NB. Lossless uint16 compressed tiff is half the size of the .nc version (1/4th the s3tbx output)

marpet · November 28, 2017, 2:49pm

Your values look like a very nice TOA radiance spectrum. Maybe the values don’t need to be scaled anymore?
I don’t know how the tiff files are created.

glemoine · November 30, 2017, 11:00pm

Python code below for .nc to uint16 .tif conversion. I received an answer from EO Helpdesk, which wasn’t very clear. Will post that tomorrow.

from netCDF4 import Dataset
import sys
import numpy as np
from osgeo import gdal

fname = sys.argv[1]
nc_in = Dataset(fname,'r',)

b = nc_in.variables[fname.replace('.nc', '')][:][:].astype(np.uint16)

#print nc_in.variables
nodata = nc_in.variables[fname.replace('.nc', '')]._FillValue.astype(np.uint16)

print nodata
print b.shape, b.dtype

print np.min(b), np.max(b)

driver= gdal.GetDriverByName('GTiff')
ds = driver.Create(fname.replace('.nc', '.tif'), 
	b.shape[1], b.shape[0], 1, gdal.GDT_UInt16, )

outband = ds.GetRasterBand(1)
outband.SetStatistics(float(np.min(b)), float(np.max(b)), np.average(b[np.where(b < nodata)]), np.std(b[np.wher
e(b < nodata)]))
outband.WriteArray(b.astype(np.uint16))

marpet · December 1, 2017, 8:10am

I don’t know the the NetCDF python API well, but from a quick look at the code it could be that in this line

b = nc_in.variables[fname.replace('.nc', '')][:][:].astype(np.uint16)

the scaled float32 radiance values are turned into uin16 by just cutting off the decimal fraction. It could be that the library scales the data automatically

glemoine · December 1, 2017, 12:26pm

Thanks Marco!

This was the answer from EO support:

According to a similar question posted by yourself on the STEP portal (http://forum.step.esa.int/t/s3-olci-efr-poor-dynamic-range/7755) with more details, it seems that there is a confusion between values extracted from products using appropriate interfaces (that includes data unpacking) and internal coding within the netCDF files.
Indeed, data are coded inside the netCDF files on 16 bits integers, i.e. within [0,65533], 65534 (=216-1) representing the “no data” value. 
 
However the values reported by the user as  “between 50 and 300” are radiance values after unpacking, i.e. after having applied the scaling factors embedded in the netCDF files. This interpretation is confirmed by looking at the spectrum of a pixel over Niger provided by the user in his post, in which one can see typical TOA radiance values over bare soils. The scaling factors used in OLCI Level 1 radiances packing are derived as to accommodate the instrument actual dynamic range.

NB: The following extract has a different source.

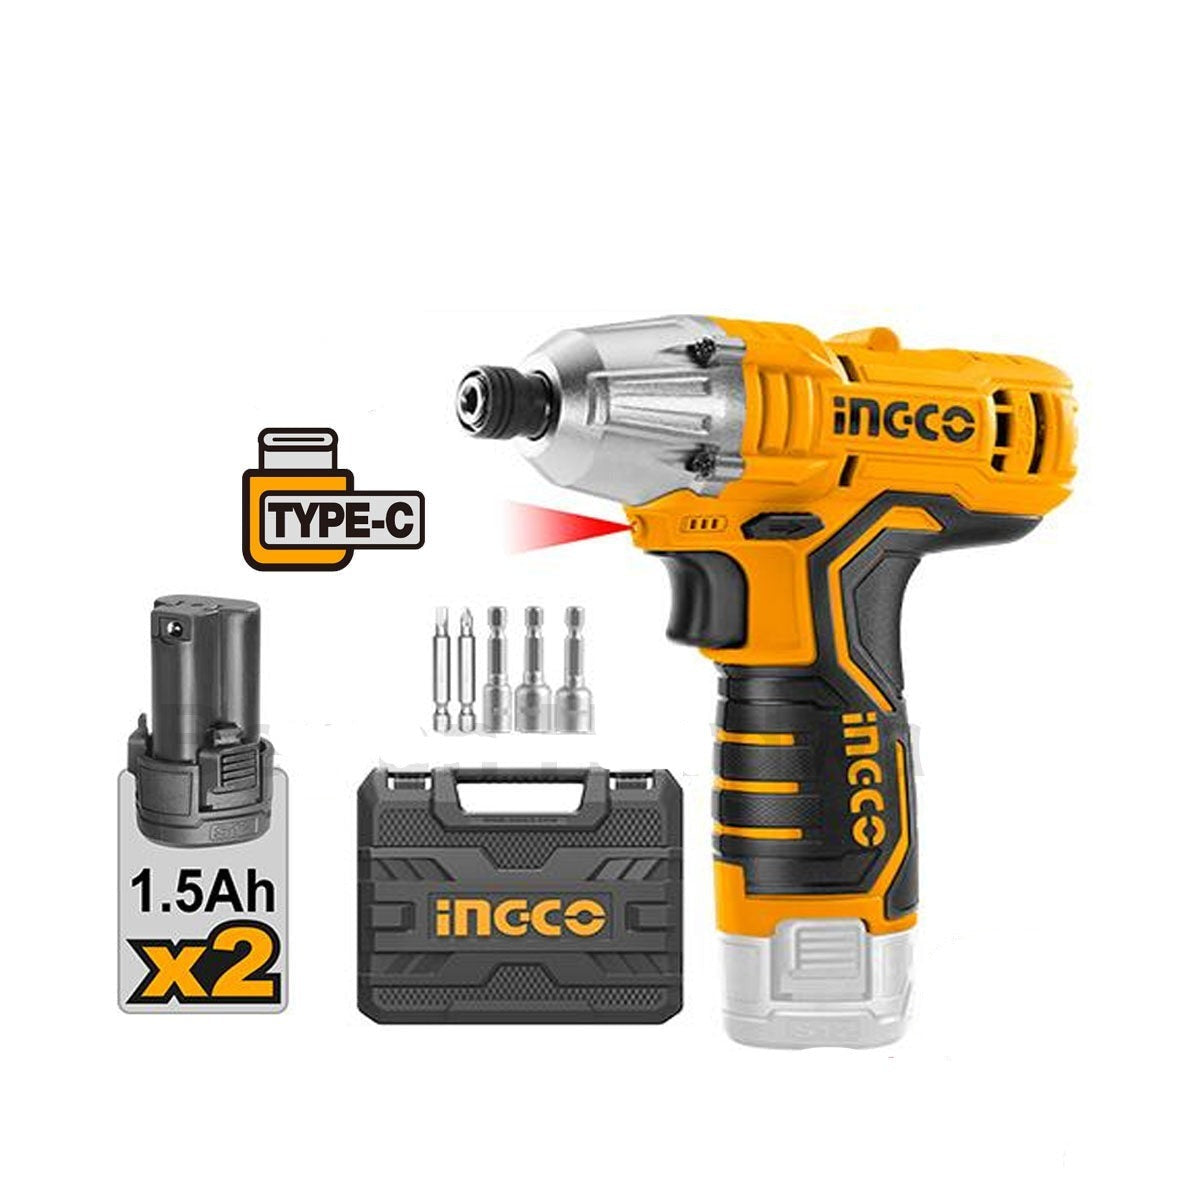 Ingco Lithium-Ion Cordless Impact Wrench - CIWLI2001 | Shop Online in Accra, Ghana - Supply Master Impact Wrench & Driver Buy Tools hardware Building materials

So, now I understand that I would have to actually read in the data from the .nc file as floats, and do some more sophisticated scaling if I want to use the effective range of an uint16. I’ll try that out and let you know if this solves the issue.

Guido

glemoine · December 3, 2017, 4:45pm

OK, I think I solved this now. The .nc file is read in as float32 (it knows how to multiply the uint16 values with the scale factor). So, in order to get back a uint16 GeoTIFF, you need to divide by the scale factor. The GeoTIFF is slightly larger than the .nc, but that’s OK. Probably depends on the compression setting.

from osgeo import gdal

fname = sys.argv[1]
nc_in = Dataset(fname,'r',)

b = nc_in.variables[fname.replace('.nc', '')][:][:] 

#print nc_in.variables
nodata = nc_in.variables[fname.replace('.nc', '')]._FillValue.astype(np.uint16)
scalef = nc_in.variables[fname.replace('.nc', '')].scale_factor
offset = nc_in.variables[fname.replace('.nc', '')].add_offset

print nodata, scalef, offset, scalef*nodata
print b.shape, b.dtype

print np.min(b), np.max(b)

driver= gdal.GetDriverByName('GTiff')
ds = driver.Create(fname.replace('.nc', '.tif'), 
	b.shape[1], b.shape[0], 1, gdal.GDT_UInt16, options=["TILED=YES", "COMPRESS=DEFLATE"])

b = b/scalef
outband = ds.GetRasterBand(1)
outband.SetStatistics(float(np.min(b)), float(np.max(b)), float(np.average(b[np.where(b < nodata)])), float(np.std(b[np.where(b < nodata)])))
outband.WriteArray(b.astype(np.uint16))

ds = None